Cockburn was born the second son of Sir James Cockburn, 8th Baronet and his second wife, Augusta Anne Ayscough. He was educated at the Royal Navigational School and joined the Royal Navy in March 1781 as a Captain's servant in the sixth-rate HMS Resource. He joined the sloop HMS Termagant in 1787, transferred to the sloop HMS Ariel under the Commander-in-Chief, East Indies in 1788, and then became midshipman in the fifth-rate HMS Hebe in the Channel Squadron in 1791. He joined the fourth-rate HMS Romney in the Mediterranean Fleet later in 1791 and then became acting lieutenant in the fifth-rate HMS Pearl in 1792. He was promoted to the substantive rank of lieutenant on 2 January 1793, and became lieutenant on the brig-sloop HMS Orestes later that month before transferring to the first-rate HMS Britannia in the Mediterranean Fleet in February 1793 and then to the first-rate HMS Victory, Flagship of the Mediterranean Fleet, in June 1793. He became the sloop commander HMS Speedy in October 1793 and acting captain of the fifth-rate HMS Inconstant in January 1794.
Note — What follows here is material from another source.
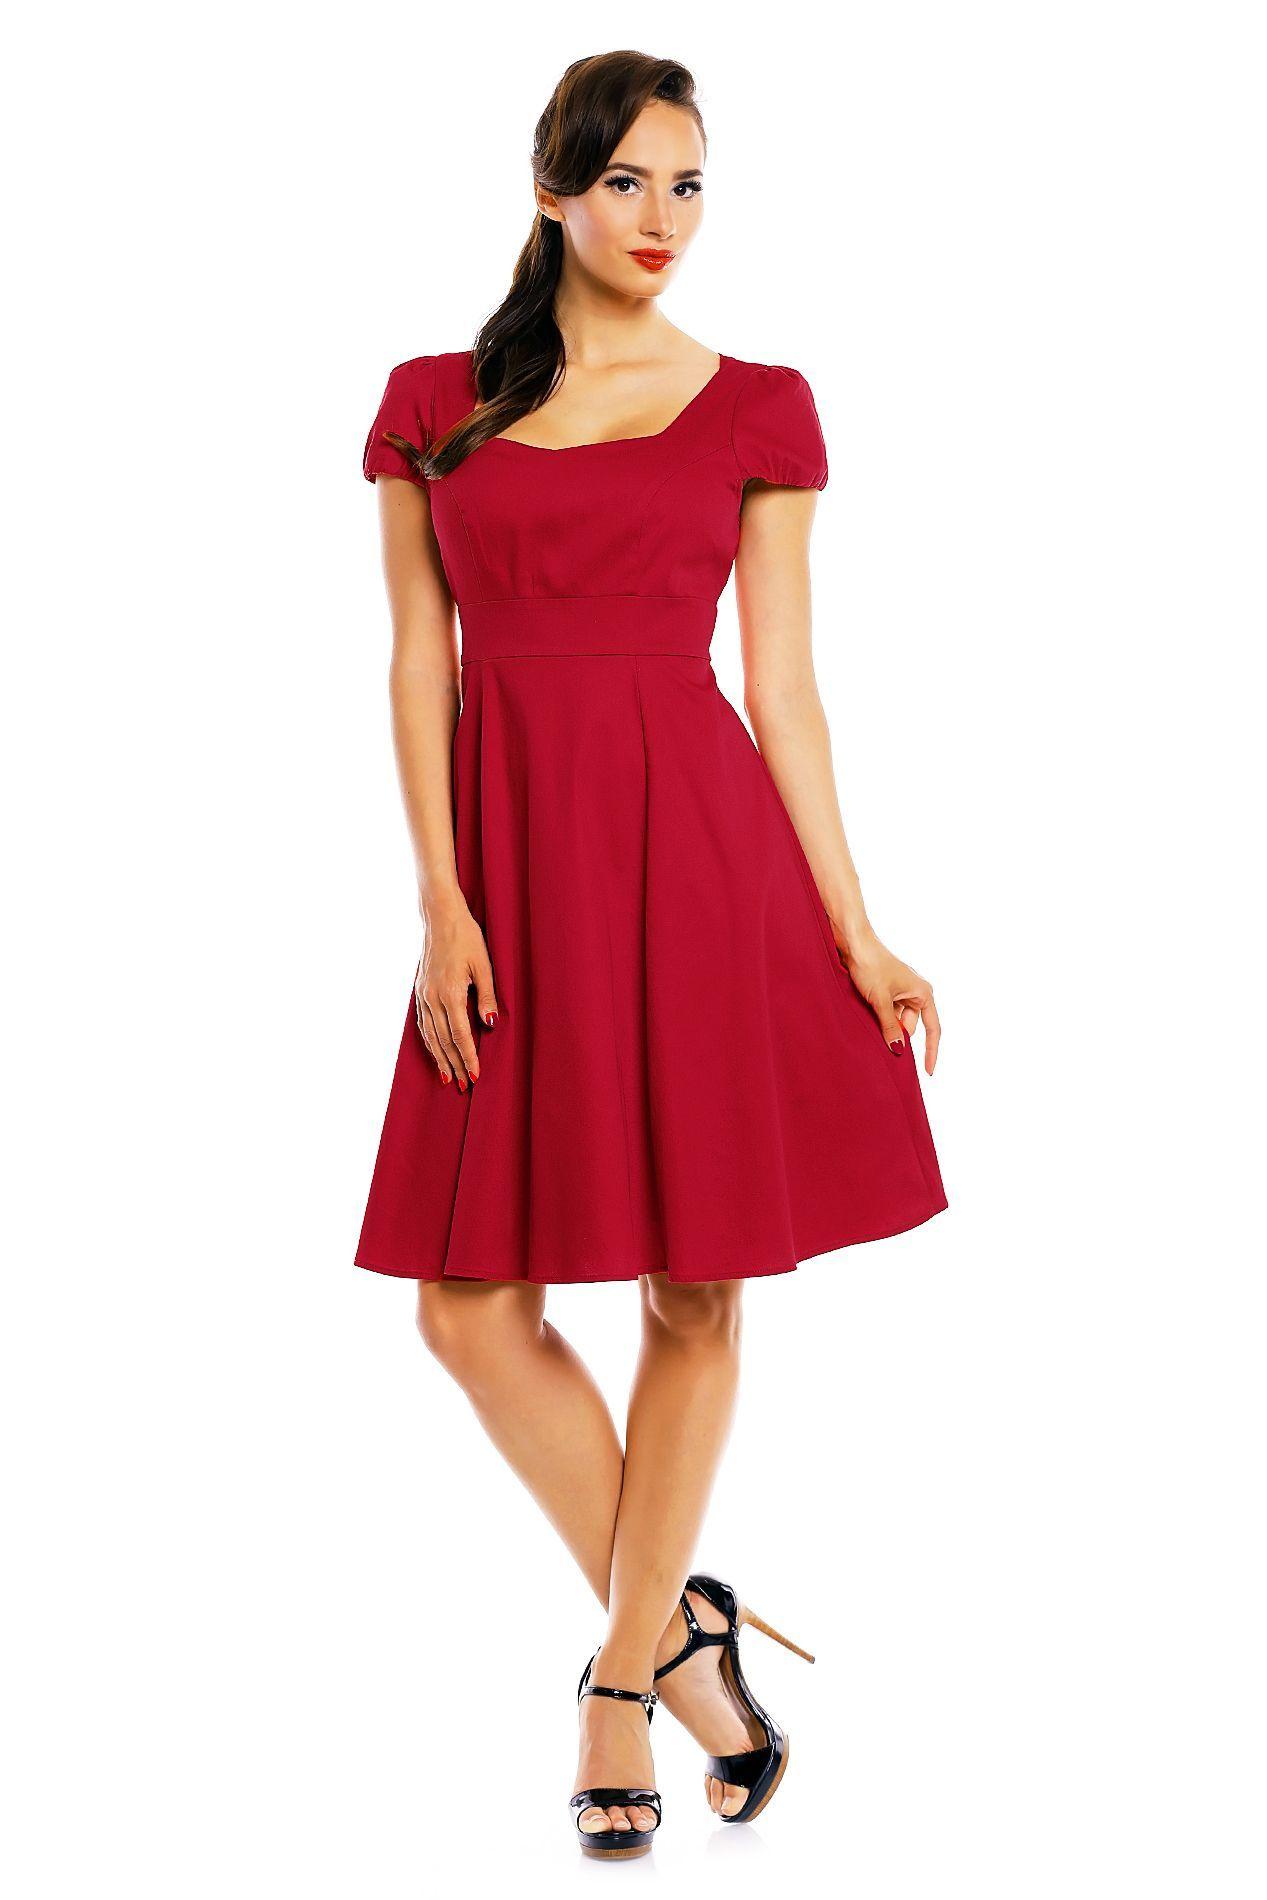 0e92d56d38c0 Claudia Flirty Fifties Style Dress in Plain Red - Swing Dresses

Cockburn was promoted to the substantive rank of captain on 10 February 1794 and given command of the fifth-rate HMS Meleager in the Mediterranean Fleet later that month. He took part in the blockade of Livorno in March 1795 and was given command of the frigate HMS Minerve in August 1796, having been mentioned in despatches in May 1796. He fought a gallant action with the Spanish frigate Santa Sabina in January 1797 and was present at the battle of Cape St Vincent in February 1797 during the French Revolutionary Wars.

In company with those of the frigate , Minerves boats' crews successfully cut out the French ship Mutine at Santa Cruz, Tenerife in May 1797.

Cockburn commanded the fifth-rate HMS Phaeton on the East Indies Station in July 1803, the third-rate HMS Captain in July 1806, and the third-rate HMS Pompée in March 1808. He commanded the naval support at the reduction of Martinique in February 1809 during the Napoleonic Wars, for which he received the thanks of Parliament.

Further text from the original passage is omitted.